Early in the morning crack your mutton-bone, and put on in a quart of cold water, at the back of the range. When little more than a large cupful of liquor remains, take it off and strain into a bowl to cool. When perfectly cold take off the fat, put in a quart of clam liquor and the hard parts of fifty clams. Season with a teaspoonful of minced onion, as much chopped parsley, a pinch of mace, pepper and salt to taste, and cook, covered, half an hour after the boil begins. Heat in another vessel two cups of milk; when hot, stir in two tablespoonfuls of butter, rolled in a heaping tablespoonful of flour, and set in boiling water to keep hot, after it has boiled two minutes. Strain the soup back into the pot, put in the soft parts of the clams—the only digestible portions—and simmer five minutes. Pour the thickened milk into the tureen, stir in the soup, and serve.

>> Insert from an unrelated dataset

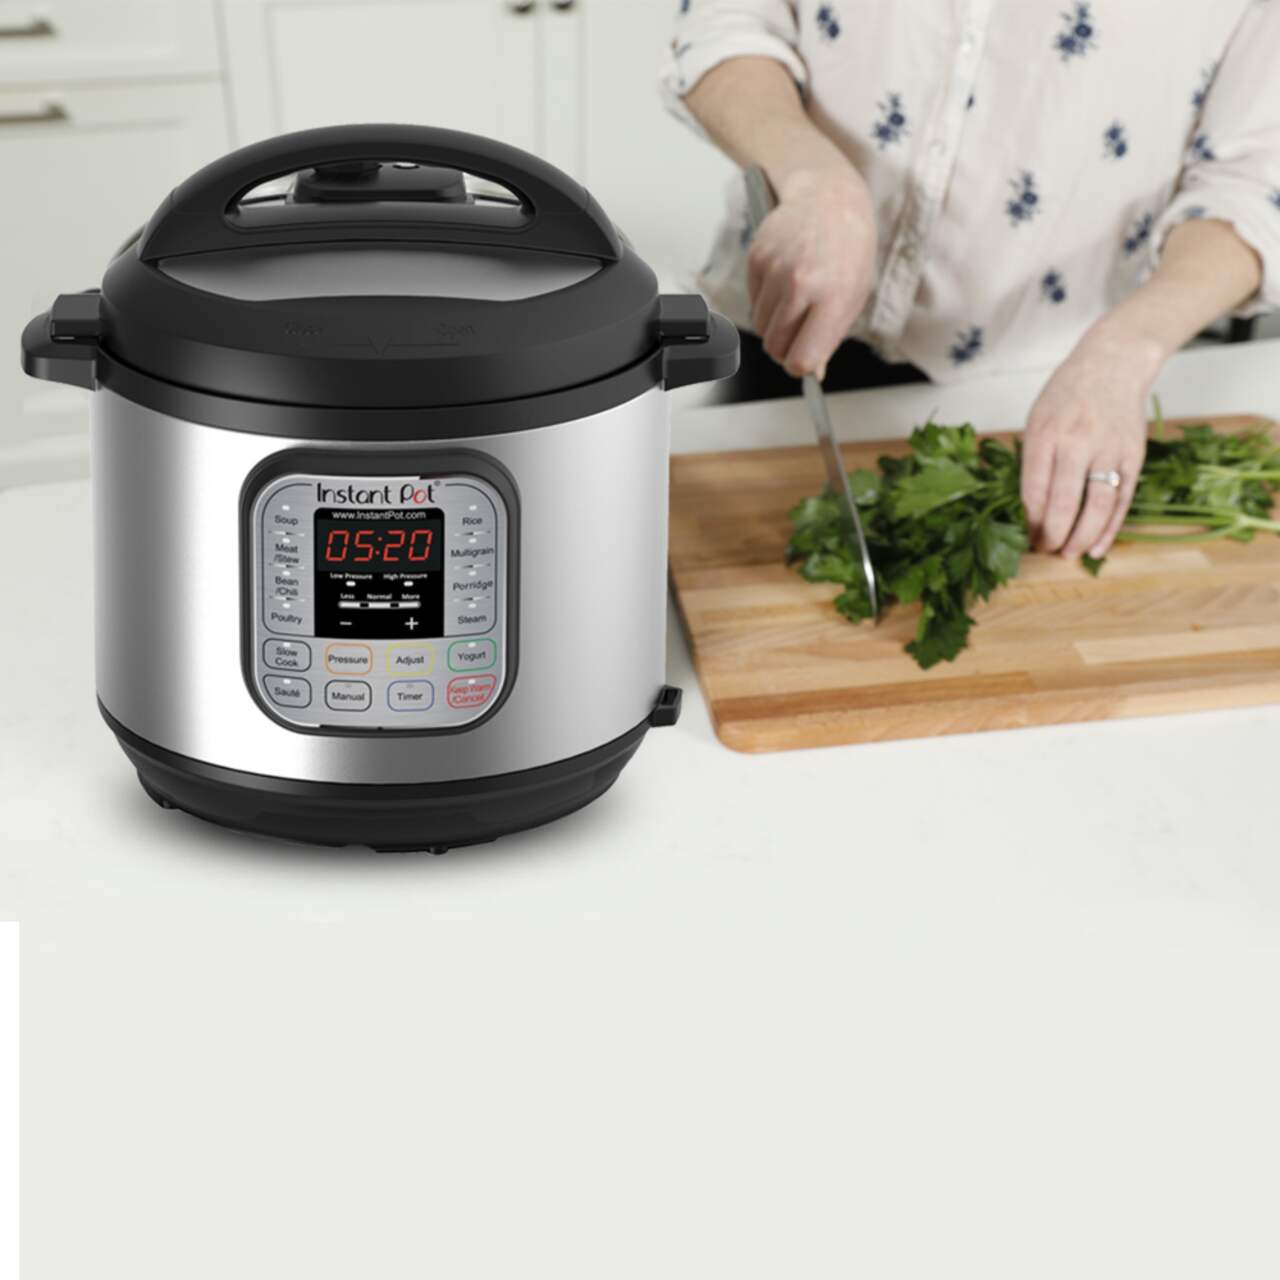 https://media-www.canadiantire.ca/product/living/kitchen/kitchen-appliances/0432672/instant-pot-duo-6-quart-pressure-cooker-3a2db6e1-4f6f-4ba2-b416-c37805fad8d9.png?imdensity=1&imwidth=1244&impolicy=mZoom

This is a delightful and nutritious soup, and since you are to have cold meat for dinner, you need not grudge the care of preparing it, even on Job’s birthday.

Cold Mutton.

Your stuffed shoulder will be nearly as nice cold as hot. Garnish it tastefully with curled parsley and bleached lettuce-leaves.

Brussels Sprouts.

Cook in boiling, salted water twenty-five minutes; drain well; add a liberal lump of butter, with pepper and salt to taste, and put into a deep dish.

Raw Tomatoes.

Peel with a sharp knife; slice, and lay in a salad-bowl. Season with a dressing of oil, vinegar, salt and pepper in the proportions given on last Thursday.

Stewed Potatoes.

Boil whole until a fork will pierce them. Peel quickly; crack, without breaking, each, by pressing it, and drop into a saucepan containing a large cup of milk, almost on the boil. When all the potatoes are in, add two tablespoonfuls of butter, with salt and pepper. Cover and heat—below the boiling point—until the potatoes begin to crumble. Pour into a deep dish.

Oranges and Bananas.

Serve whole, upon china plates, with a knife for each.

Coffee and Cake.

You need not be ashamed of “cold meat on Monday,” even should John have “picked up” his unexpected friend on the street, when your bright coffee-urn, with the fragrant contents, flanked by a basket of sliced home-made cake, comes in as a reserved force.